Engineering is all about trade-offs, and Tom Bartel, Trivago Team Lead Interface Platform, does a great job of illustrating the trade-offs that led to the rewrite of the platform in his recent blog post. It was a colossal undertaking, especially when nothing is inherently “wrong” or broken with the code base.
What was working? Well, the site as a whole was. Users enjoyed full functionality on web and mobile. There was a team of trained engineers many of whom enjoyed their functional duties.
What “didn’t work”? Melody was homegrown, so it wasn’t very common. The ecosystem was small, documentation was limited, and engineering services (i.e. Google and Stack Overflow) were very limited to non-existent. There were a maximum of two main maintainers with at least one on call at all times. Onboarding new employees was difficult and some expressed concerns that they were learning and developing non-transferable skills.
Double Melody? Allocate resources to modernize the framework, update and add quality documentation and train engineers in maintenance? Or look down…
…The blank page
It’s not a new project but it’s a new project. Since the effort, internally called the Web Application Rewrite Project (WARP), is a complete rewrite and not a refactor, all the new questions of the project arise:
- Libraries: which are the most interesting for utilities, date calculation, etc…?
- CSS files: how to organize?
- Status of the application: how will it be maintained?
- Event transmission: how will it happen?
- HTML pages: will they be statically pre-generated?
- Structure: for URLs and pages.
- Application initialization: how will it work?

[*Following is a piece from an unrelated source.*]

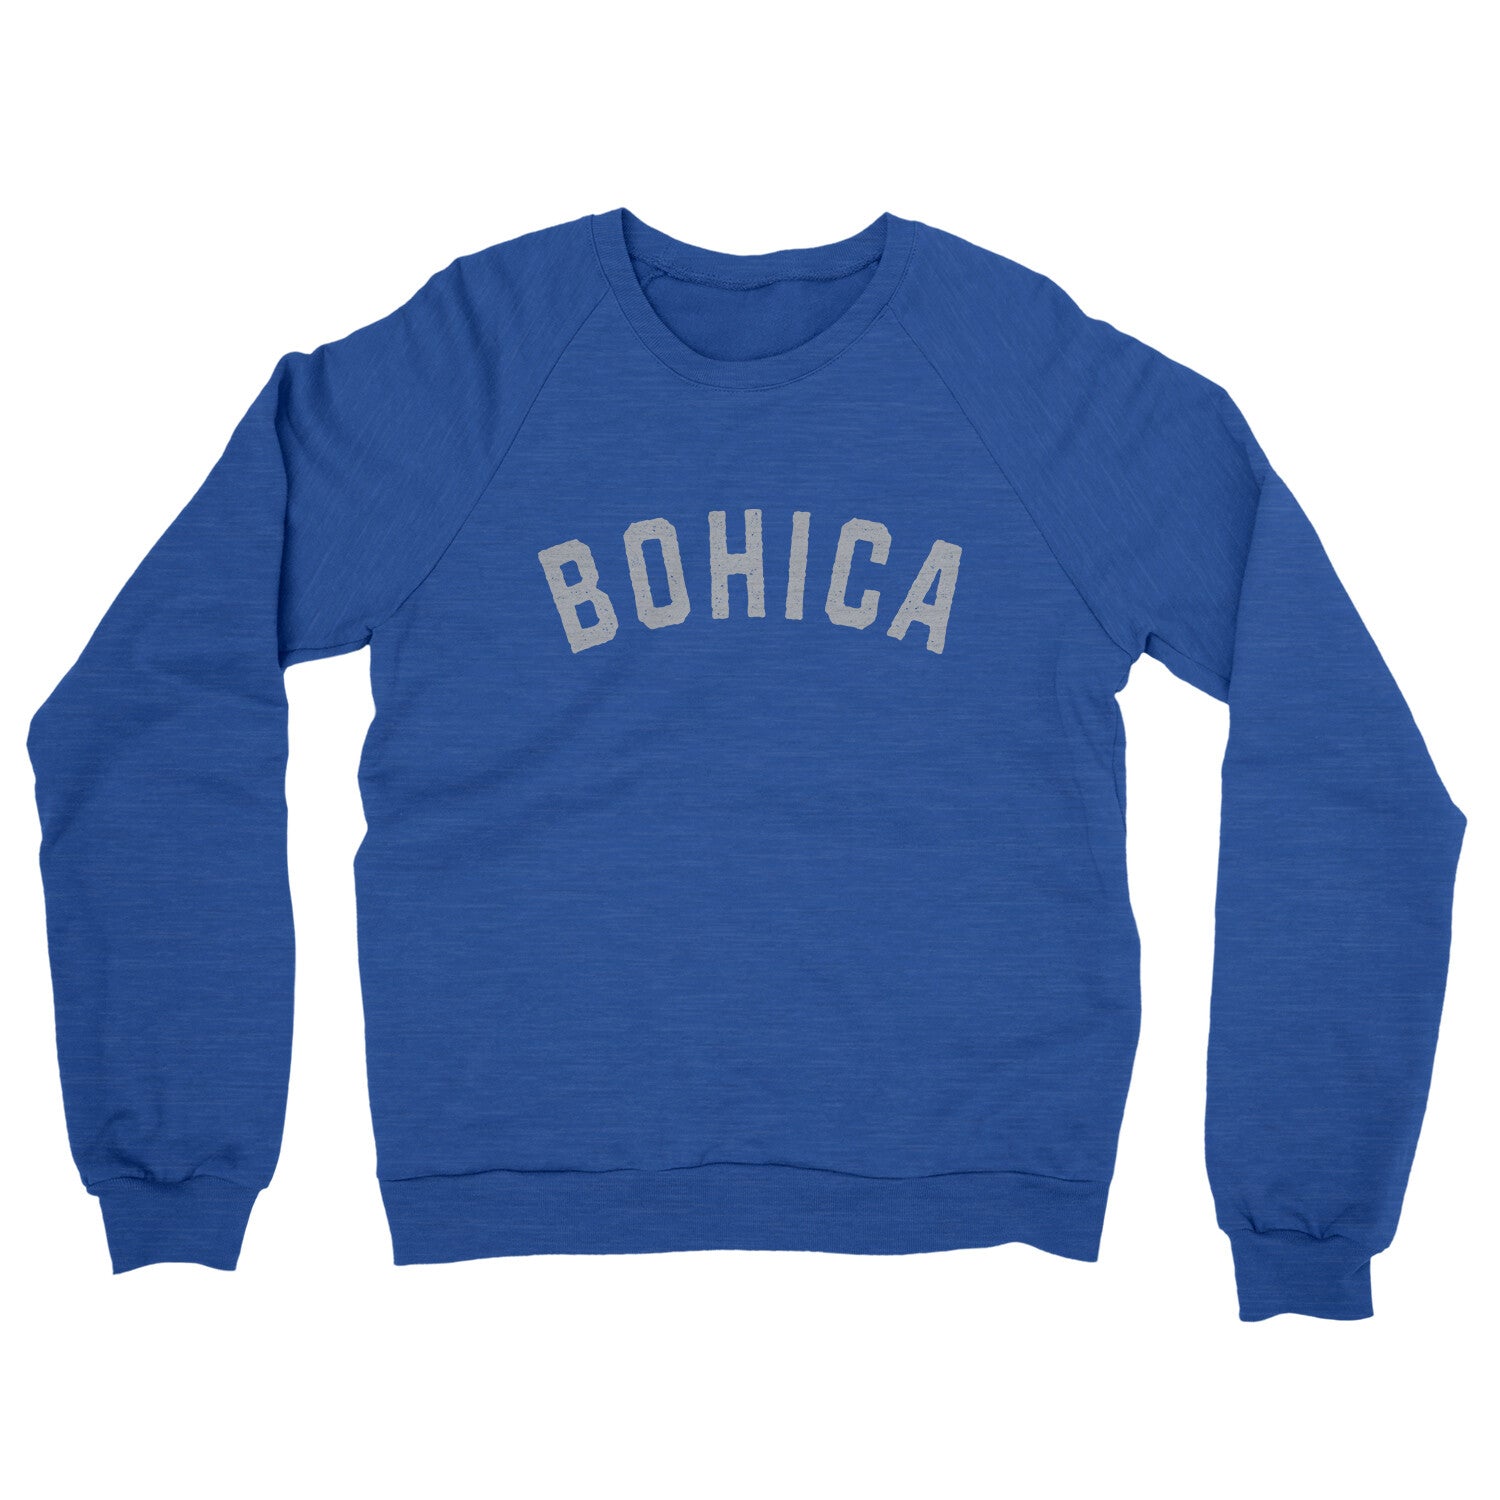 Bohica in Heather Royal Color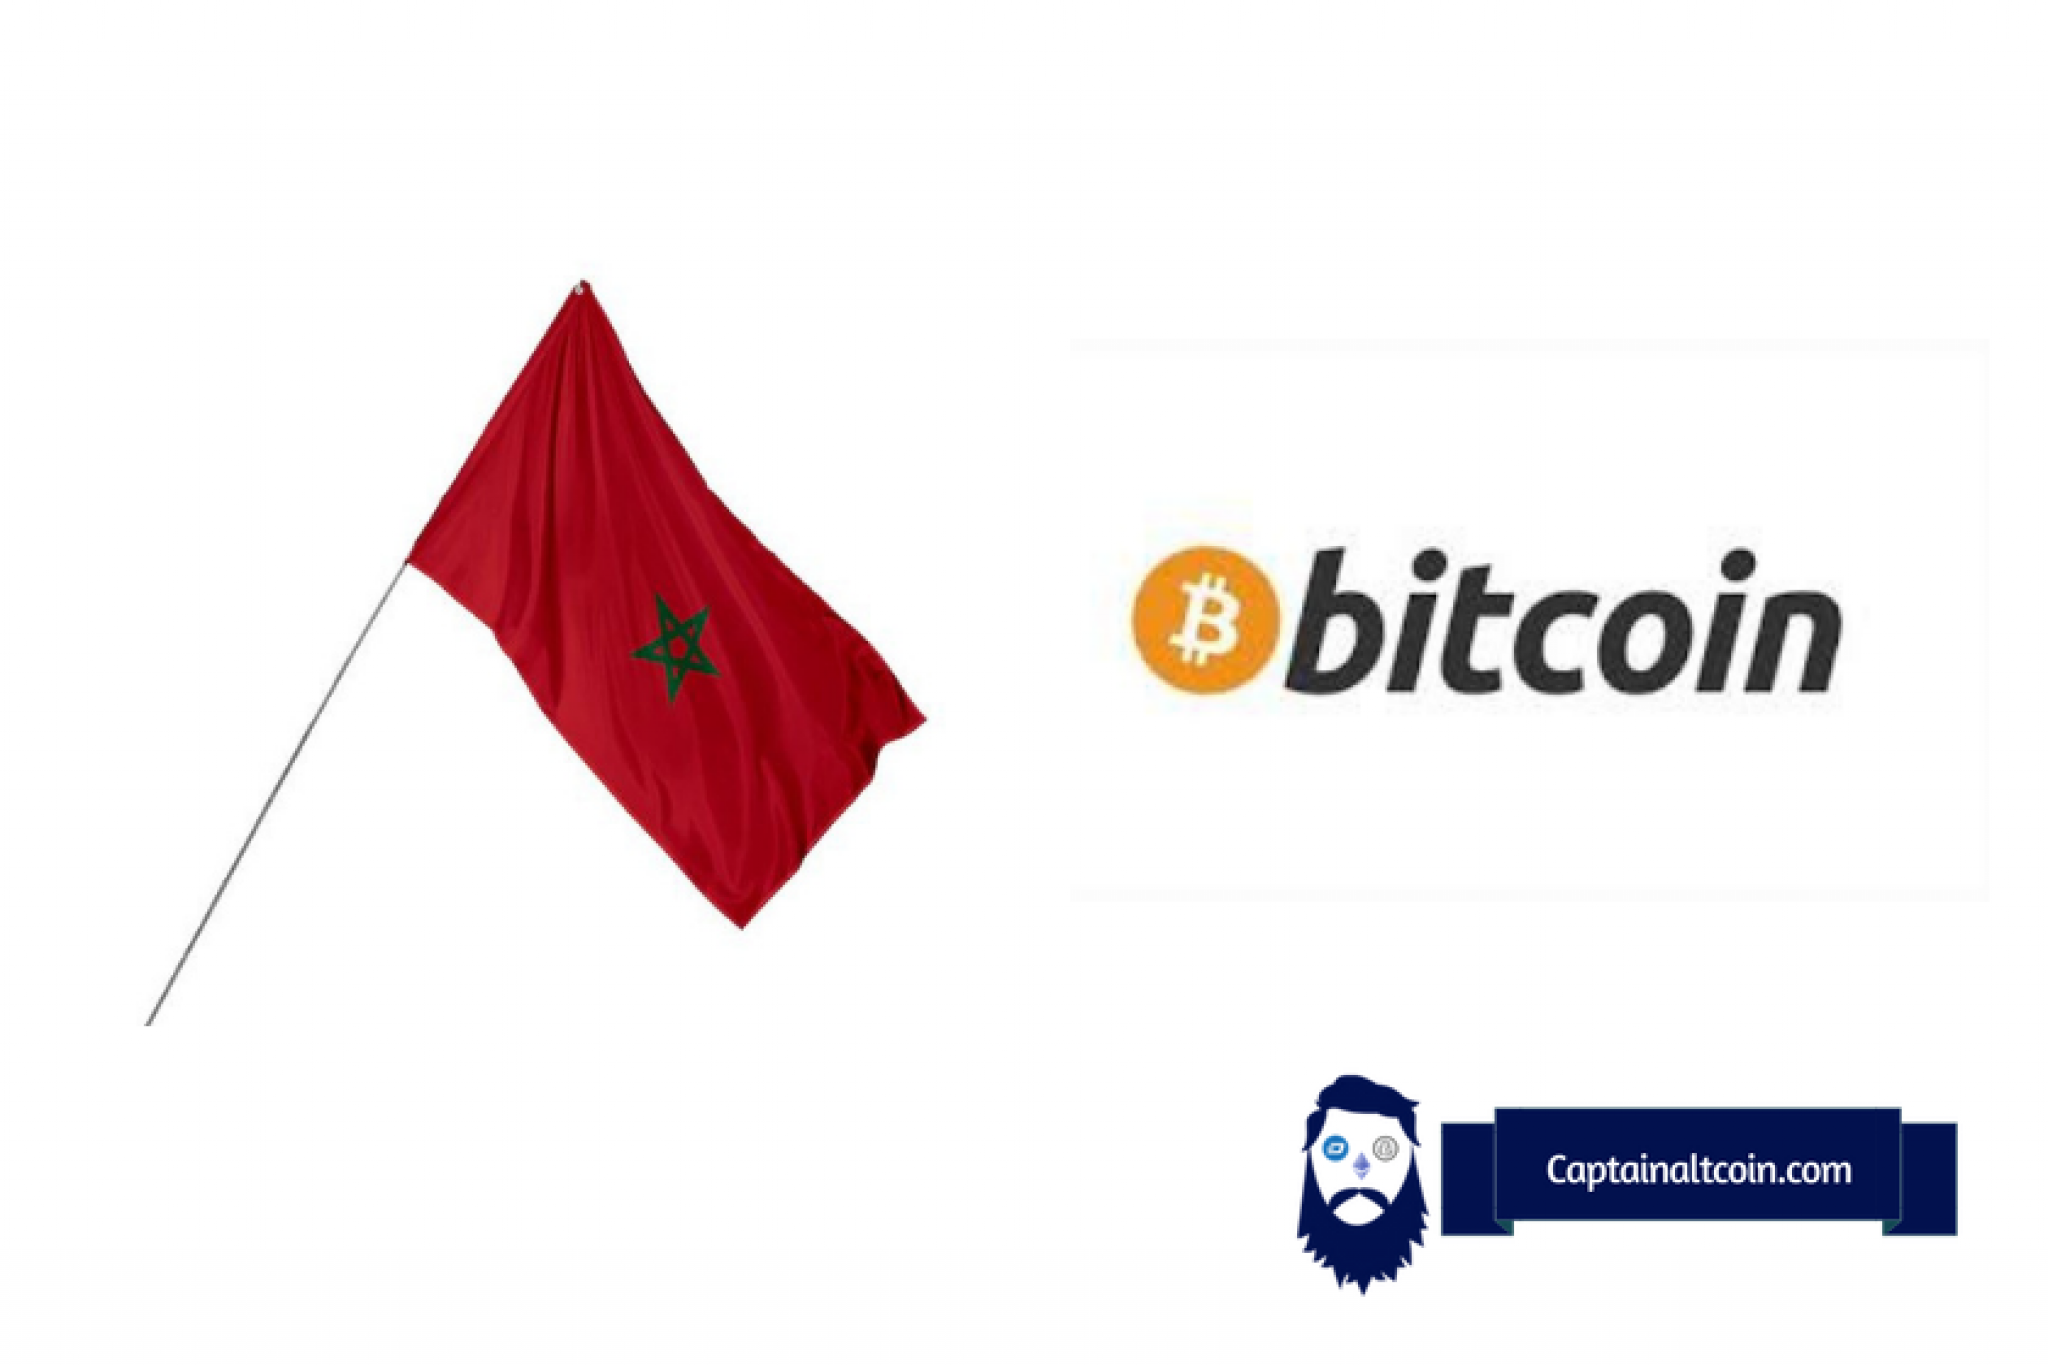 best place to buy bitcoin in morocco

- Component API: What will the design look like?
Ah, making decisions!
With so many decisions and the team working remotely (remote collaboration was still considered new when this project kicked off in April 2020), Trivago engineers implemented an incredibly methodical and pragmatic approach to tackling business issues. touch engineering and ultimately make the decisions.
- Decision document: This document collects and organizes the relevant facts and points of view of the engineer.
- Decision meeting: a place to discuss viewpoints ultimately leading to the decision.
- Decision Owner: organizes the document, prepares the decision meeting and ensures that a decision is made.
Some decisions were easy to make while others were hard won, some went from document to test while others were refactored because the implementation did not meet initial expectations.
It was while implementing another decision that seemed too complicated for some developers that Trivago engineers decided to move forward with Next.js and React.
A great tip from Trivago’s trial-and-error rewrite process is to commit to the decisions, but keep an open mind and course-correct if necessary. Decisions made with the best knowledge and intentions can bring new insights during implementation.
Once the rewrite was fully functional and useful to the user, it was exposed to the real world and tested with dashboards, checks, and comparisons serving as guides for engineers to see what needed attention.
- User interaction: Does it differ from product to product? If so, was the cause bugs or something else?
- Revenue: Does the new app forward to booking sites at the same rate?
- Types of research: Trivago automatically adjusts search types for better results. For example, if a search is too narrow, Trivago will expand the parameters and add results. A direct indicator that something was wrong is a difference in the listings. This prompted the investigation to continue.
It took several months of engineering, but eventually the switch was flipped and all user traffic went to the new app.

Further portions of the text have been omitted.